--- Material shown ---
■ ■ ■ ■ ■ ■ ■

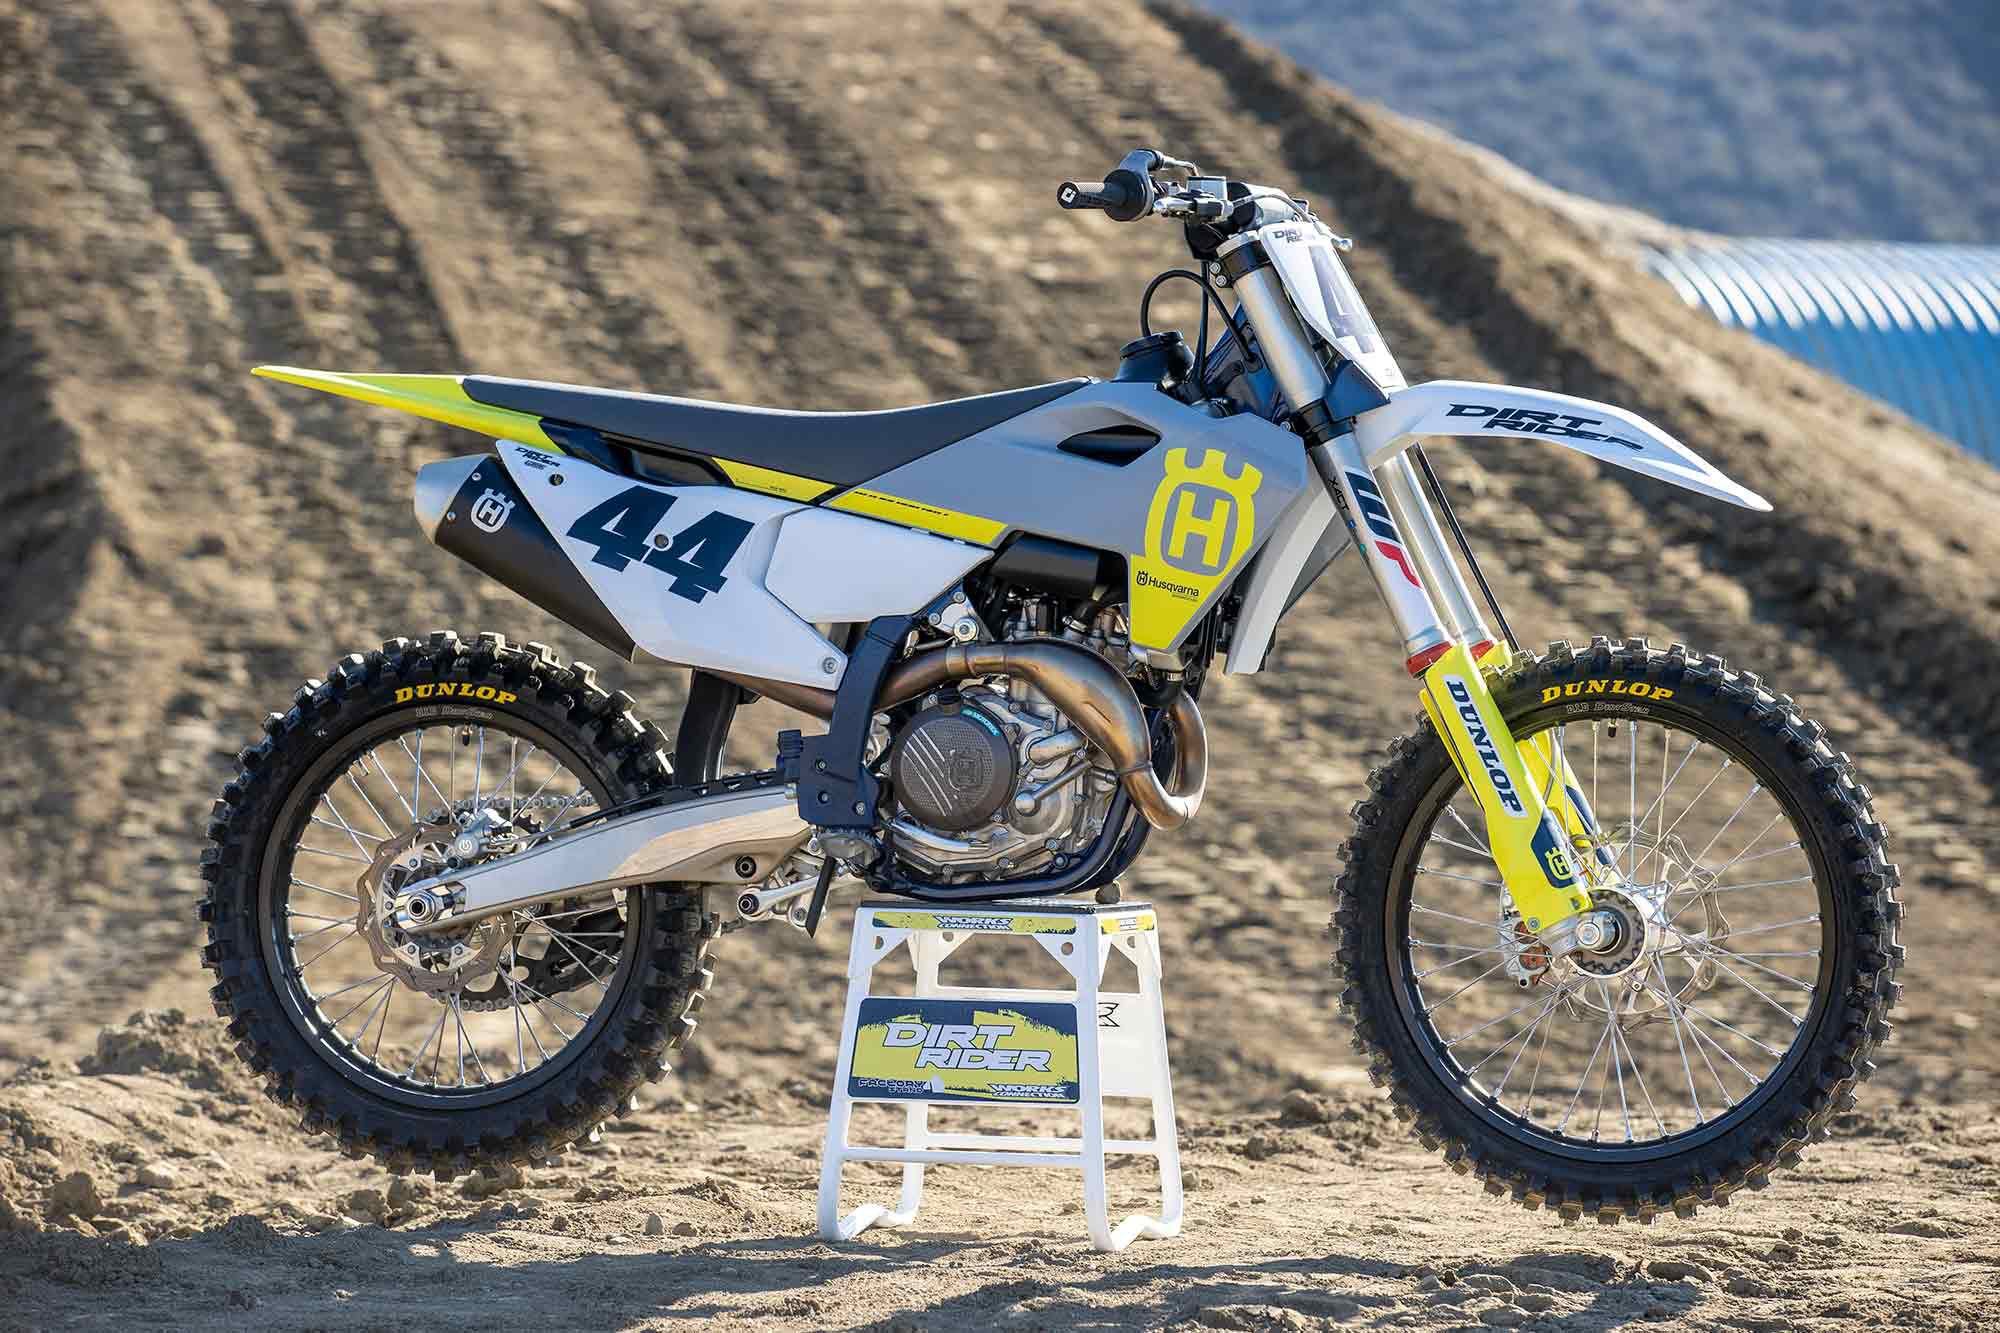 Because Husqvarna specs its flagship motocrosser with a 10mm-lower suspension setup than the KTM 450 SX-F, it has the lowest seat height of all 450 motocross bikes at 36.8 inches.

■ ■ ■ ■ ■ ■ ■

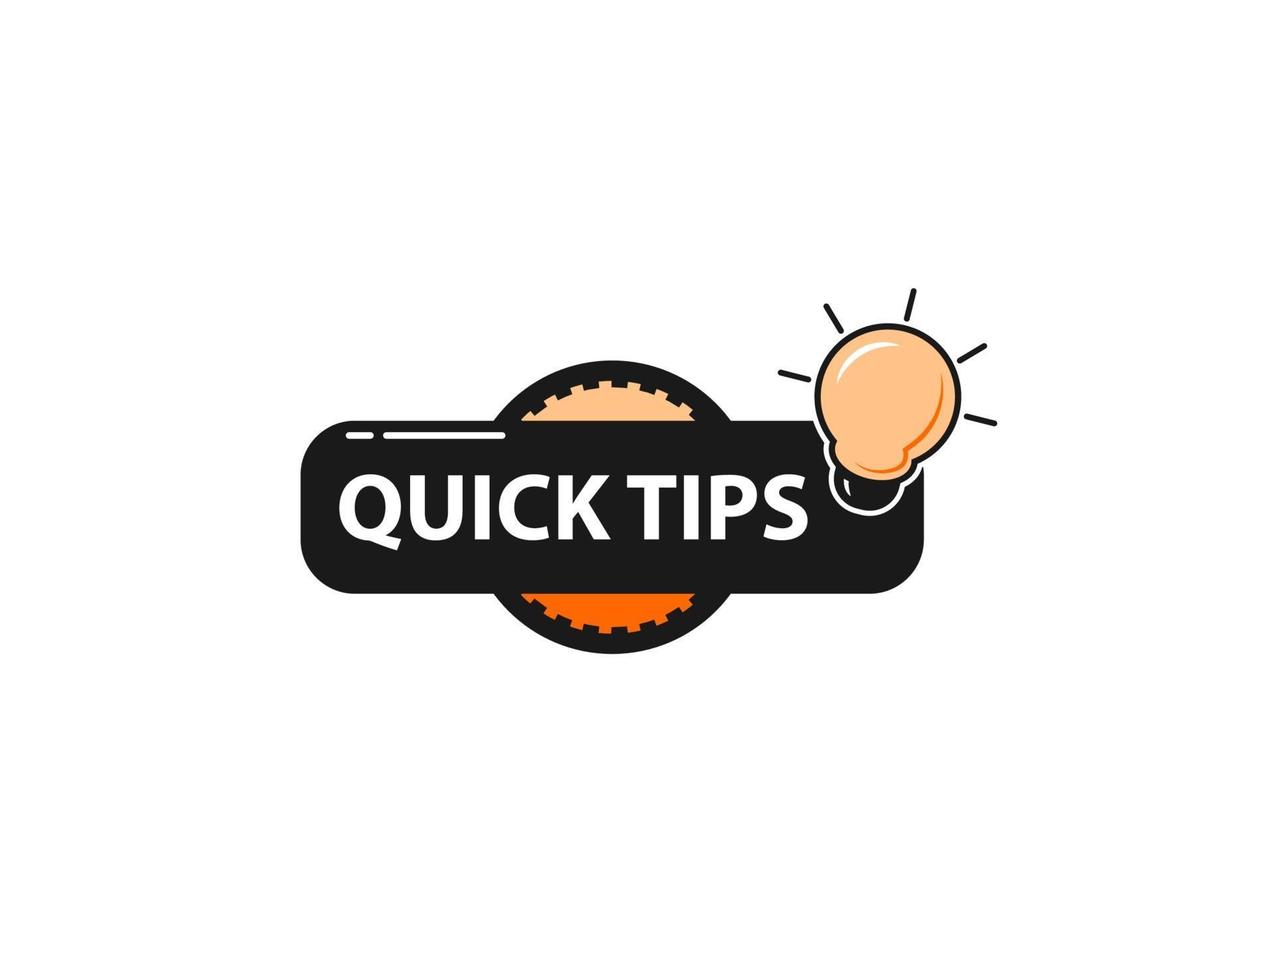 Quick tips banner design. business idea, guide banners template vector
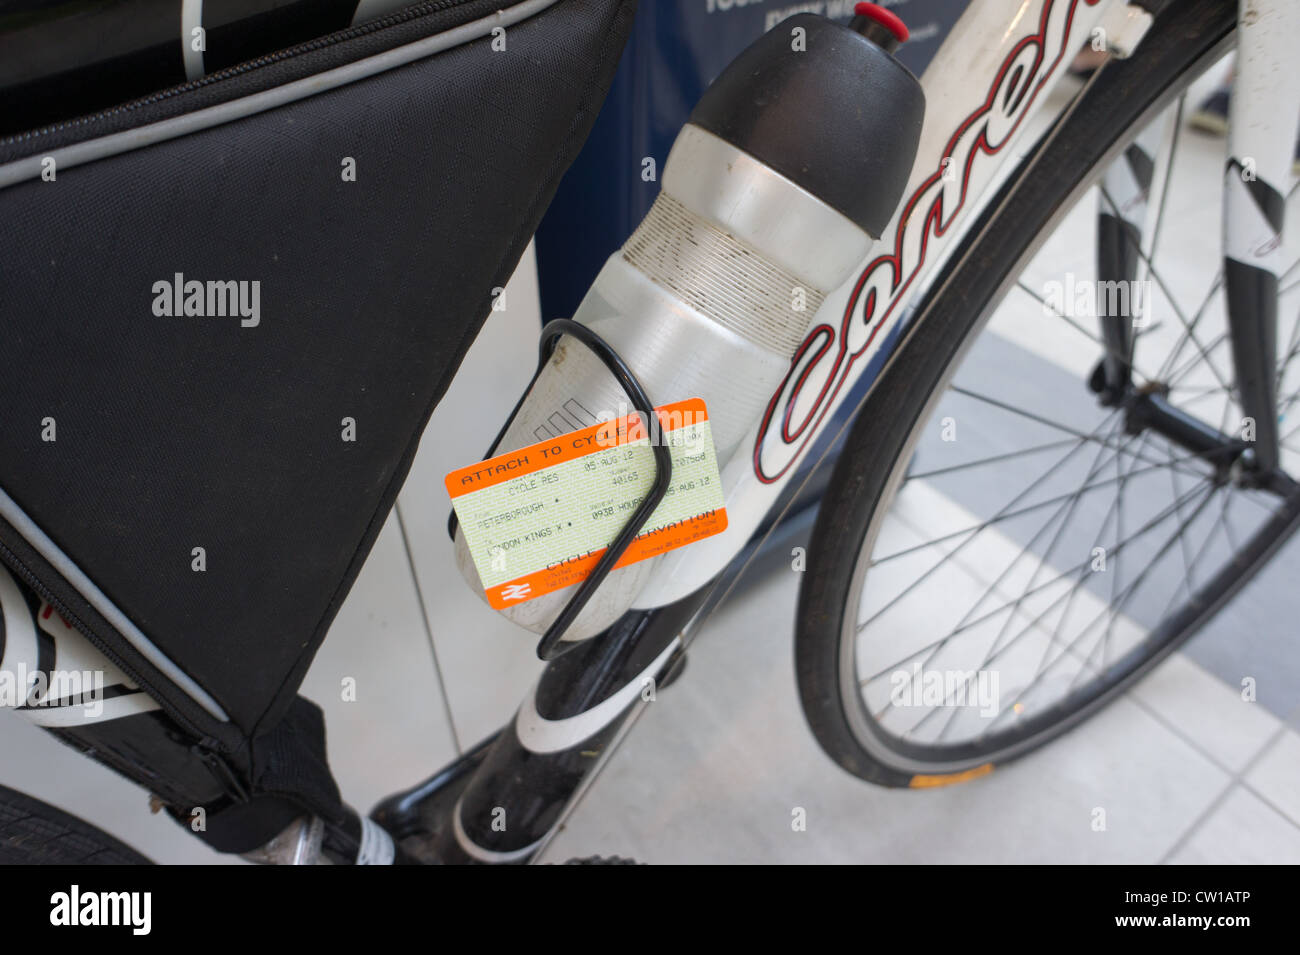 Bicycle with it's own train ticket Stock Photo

■ ■ ■ ■ ■ ■ ■

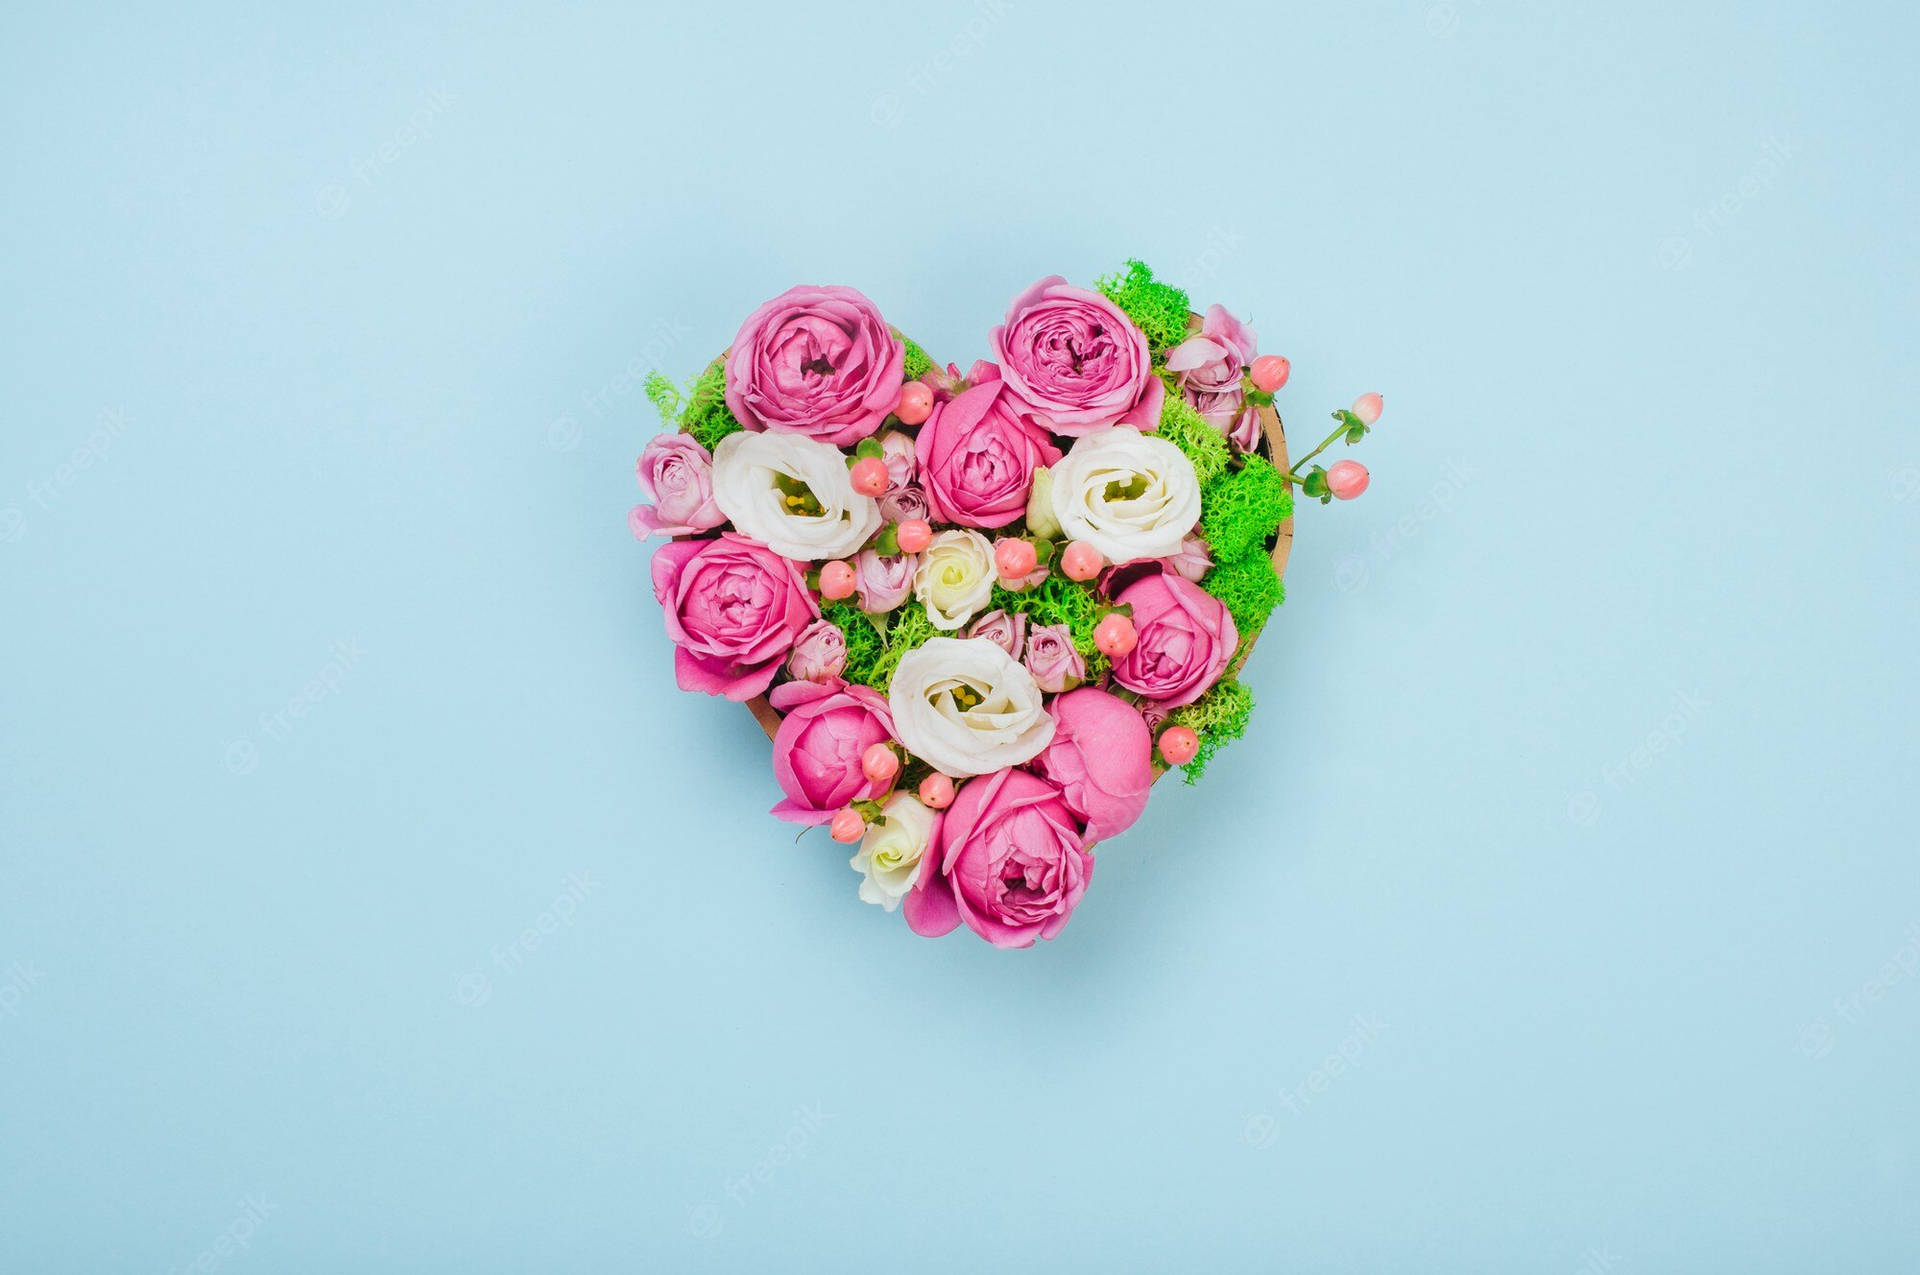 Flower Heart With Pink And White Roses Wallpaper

■ ■ ■ ■ ■ ■ ■

--- Exercise ---
Give again the lines of the listing above that run from the one with "Quick tips banner" up to and including the one with "Bicycle with it's". Keep them exact and omit the pictures.

--- Response ---
 Quick tips banner design. business idea, guide banners template vector
 Bicycle with it's own train ticket Stock Photo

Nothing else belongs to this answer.